In June 2023, Frazier joined the Shandong Hi-Speed Kirin of the Chinese Basketball Association and trained with the team, but the contract was not signed due to procedural issues.

===Sichuan Blue Whales (2023)===
On November 3, 2023, Frazier signed with the Sichuan Blue Whales of the Chinese Basketball Association. On December 5, he was removed from roster after three games.

===NBA G League Ignite (2024)===
On January 10, 2024, Frazier signed with the NBA G League Ignite.

===Amman United (2024–2025)===
In December 2024, Frazier joined Amman United of the Jordanian Premier Basketball League.

===Taipei Taishin Mars (2026)===
On February 4, 2026, Frazier signed with the Taipei Taishin Mars of the Taiwan Professional Basketball League (TPBL).

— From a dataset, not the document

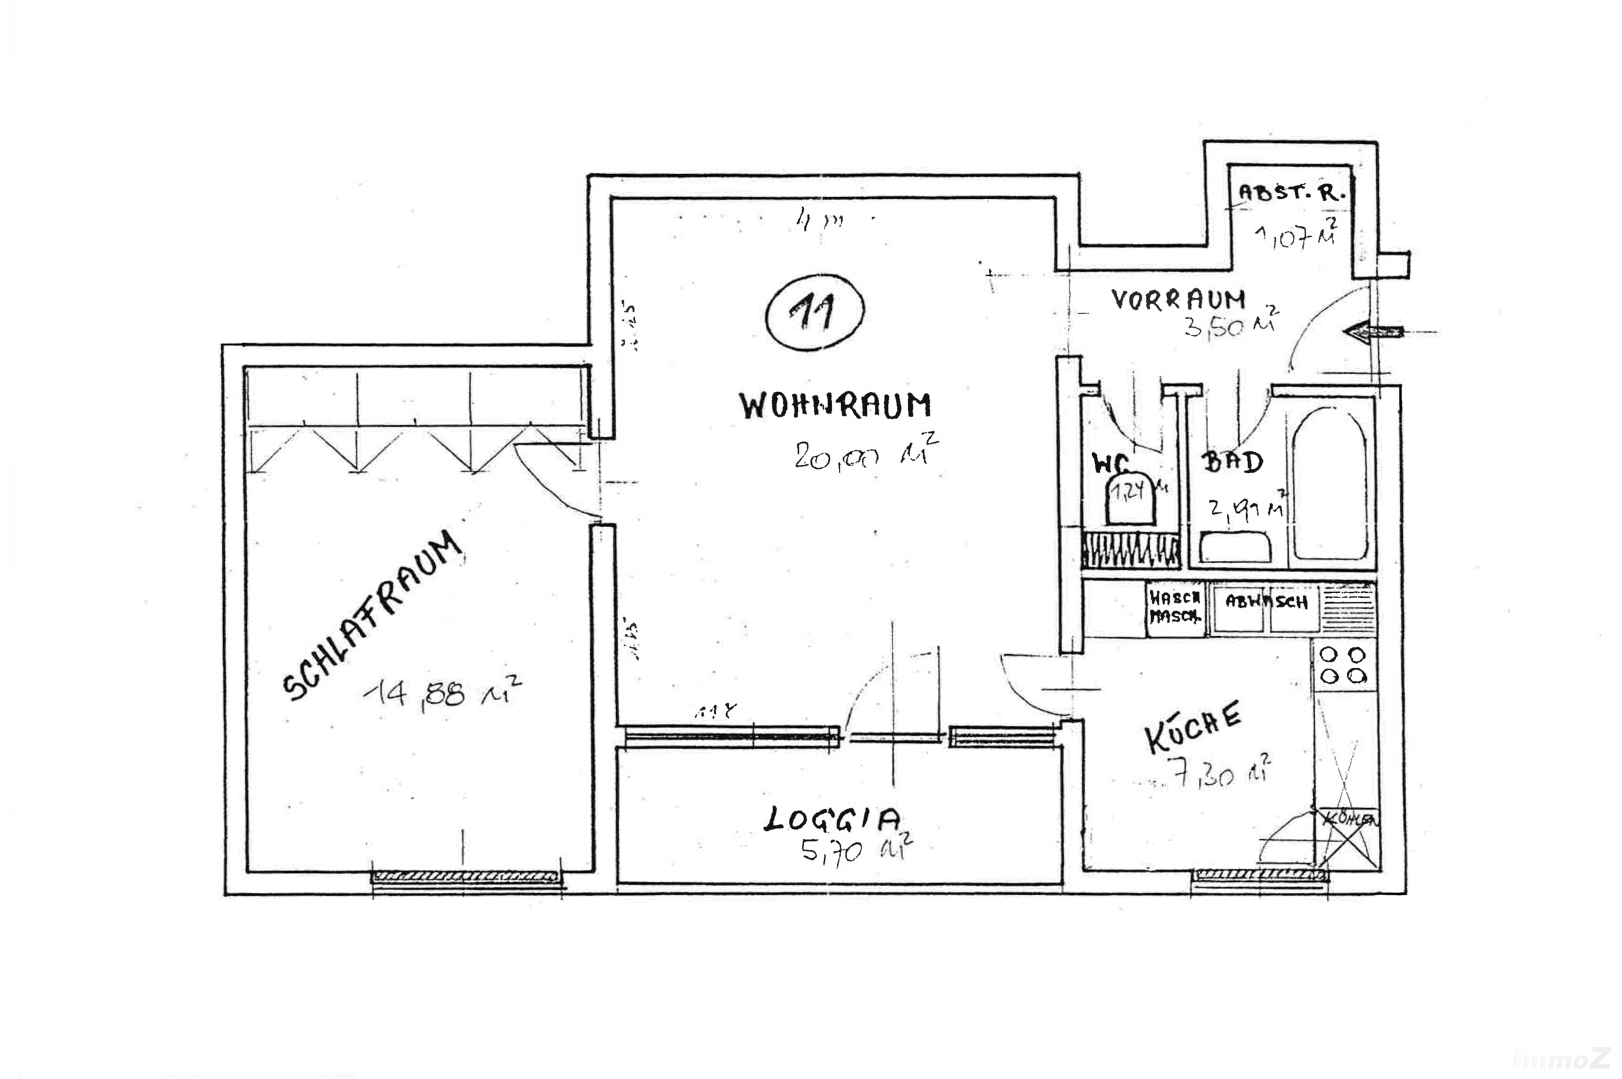 Wohnung zum Kaufen: Bauernfeldstraße 29, 8020 Graz - Grundriss

===Beirut Club (2026–present)===
On September 16, 2026, Frazier returned to the Beirut Club of the Lebanese Basketball League.

==Career statistics==

===Regular season===

| Year | Team | GP | GS | MPG | FG% | 3P% | FT% | RPG | APG | SPG | BPG | PPG |
|---|---|---|---|---|---|---|---|---|---|---|---|---|
| 2019–20 | Houston | 13 | 0 | 11.2 | .249 | .174 | .643 | .8 | .3 | .1 | .0 | 2.1 |

===Playoffs===

| Year | Team | GP | GS | MPG | FG% | 3P% | FT% | RPG | APG | SPG | BPG | PPG |
|---|---|---|---|---|---|---|---|---|---|---|---|---|
| 2019–20 | Houston | 4 | 0 | 3.0 | .250 | .500 | – | 1.0 | .5 | .0 | .0 | .8 |

==National team career==
Frazier represented the U-19 United States national team at the 2013 U-19 World Championship held in Czech Republic, where they won the gold medal. Over nine tournament games, he averaged 6.7 points and 3.1 rebounds per game.